I'm constantly admitting that I'm bad at lens, but isn't learning by examples is a good thing? I want to take HTML, parse it with taggy-lens
and then remove all the script
elements from inside. Here's my attempt:
#!/usr/bin/env stack
-- stack --resolver lts-7.1 --install-ghc runghc --package text --package lens --package taggy-lens --package string-class --package classy-prelude
{-# LANGUAGE NoImplicitPrelude #-}
{-# LANGUAGE OverloadedStrings #-}
import ClassyPrelude
import Control.Lens hiding (children, element)

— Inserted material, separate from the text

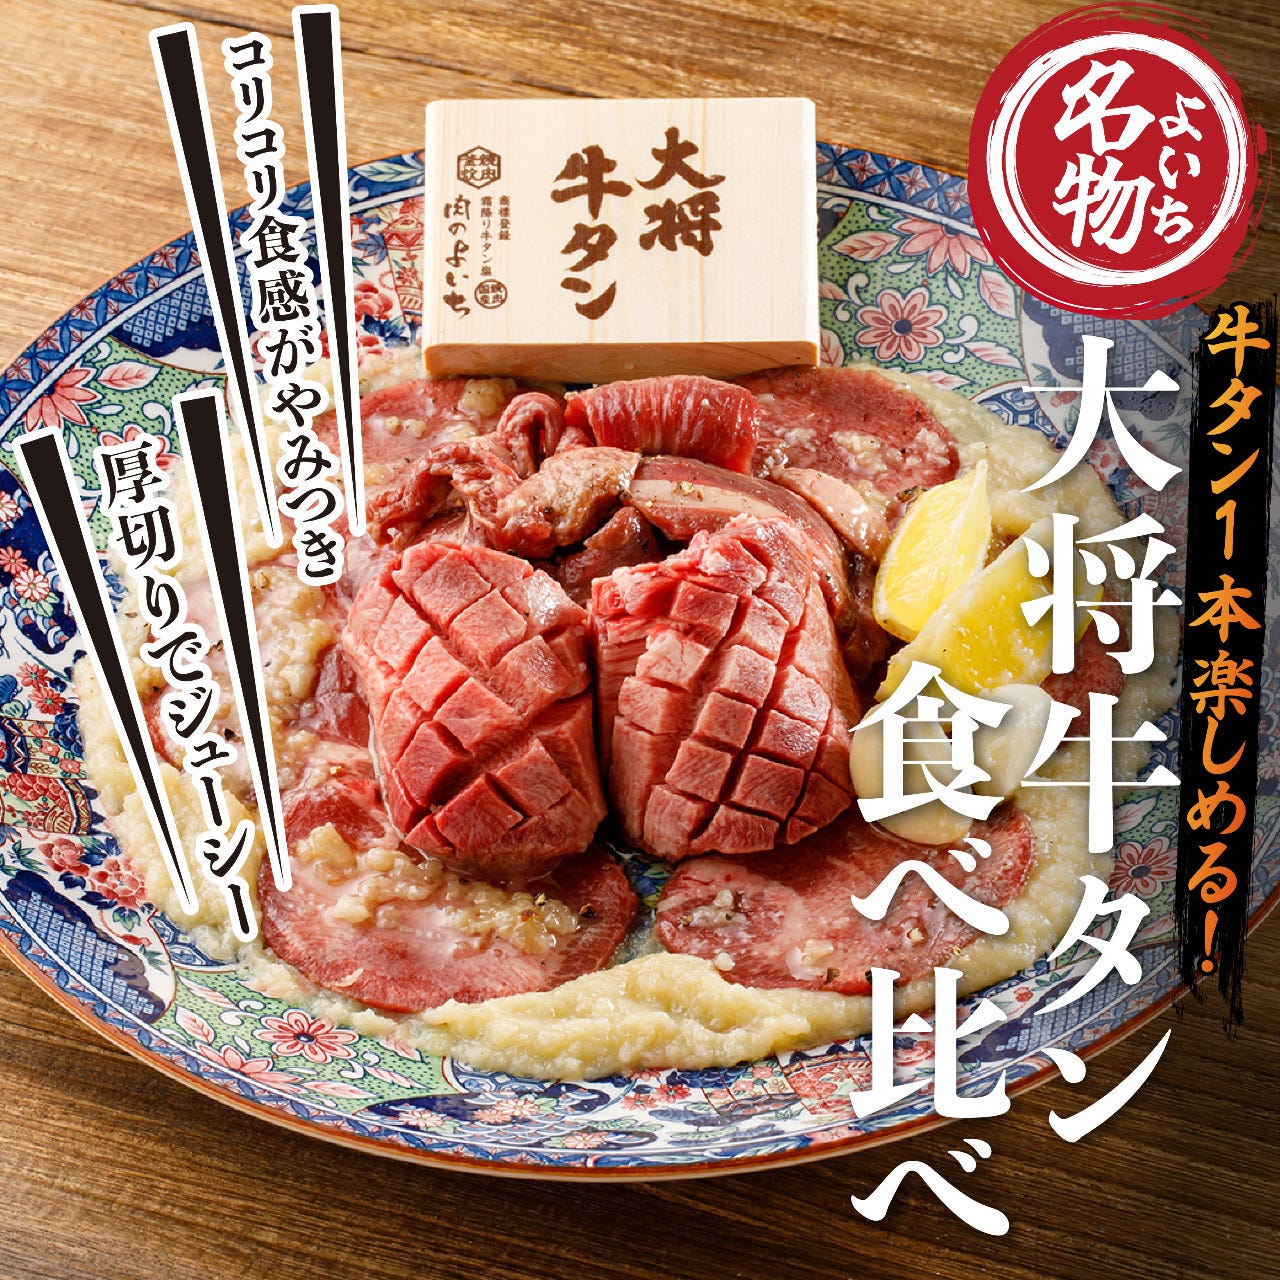 お米と焼肉 肉のよいち 太田川駅前店

import Data.String.Class (toText, fromText, toString)
import Data.Text (Text)
import Text.Taggy.Lens
import qualified Text.Taggy.Lens as Taggy
import qualified Text.Taggy.Renderer as Renderer
somehtmlSmall :: Text
somehtmlSmall =
"<!doctype html><html><body>\
\<div id=\"article\"><div>first</div><div>second</div><script>this should be removed</script><div>third</div></div>\
\</body></html>"
renderWithoutScriptTag :: Text
renderWithoutScriptTag =
let mArticle :: Maybe Taggy.Element
mArticle =
(fromText somehtmlSmall) ^? html .
allAttributed (ix "id" . only "article")
mArticleFiltered =
fmap
(\el ->
el ^.. to universe . traverse .
filtered (\n -> n ^. name /= "script"))
mArticle
in maybe "" (toText . concatMap Renderer.render) mArticleFiltered
main :: IO ()
main = print renderWithoutScriptTag
Mark this file as executable and just run it, and you'll see:
➜ tmp ./scraping-question.hs
"<div id=\"article\"><div>first</div><div>second</div><script>this should be removed</script><div>third</div></div><div>first</div><div>second</div><div>third</div>"
So, this didn't work. I would like to:
Would be especially thankful, if you'd help me realize what's wrong with mine. Thanks!
The root of your problem is universe
, which flattens the DOM tree into a list. If you look again at the output, you will see the filtering is working fine but the tree structure is lost -- and so you get the unmodified article element (with all children still within) followed by the children nodes minus the script element.
One Control.Lens.Plated
combinator that can do what you want is transform
, which transforms "every element in the tree, in a bottom-up manner":
transform :: Plated a => (a -> a) -> a -> a
In particular, you can use it to filter the children nodes recursively:
renderWithoutScriptTag :: Text
renderWithoutScriptTag =
let mArticle :: Maybe Taggy.Element
mArticle =
(fromText somehtmlSmall) ^? html .
allAttributed (ix "id" . only "article")
mArticleFiltered =
fmap
(transform (children %~ filter (\n ->
n ^? element . name /= Just "script")))
mArticle
in maybe "" (toText . Renderer.render) mArticleFiltered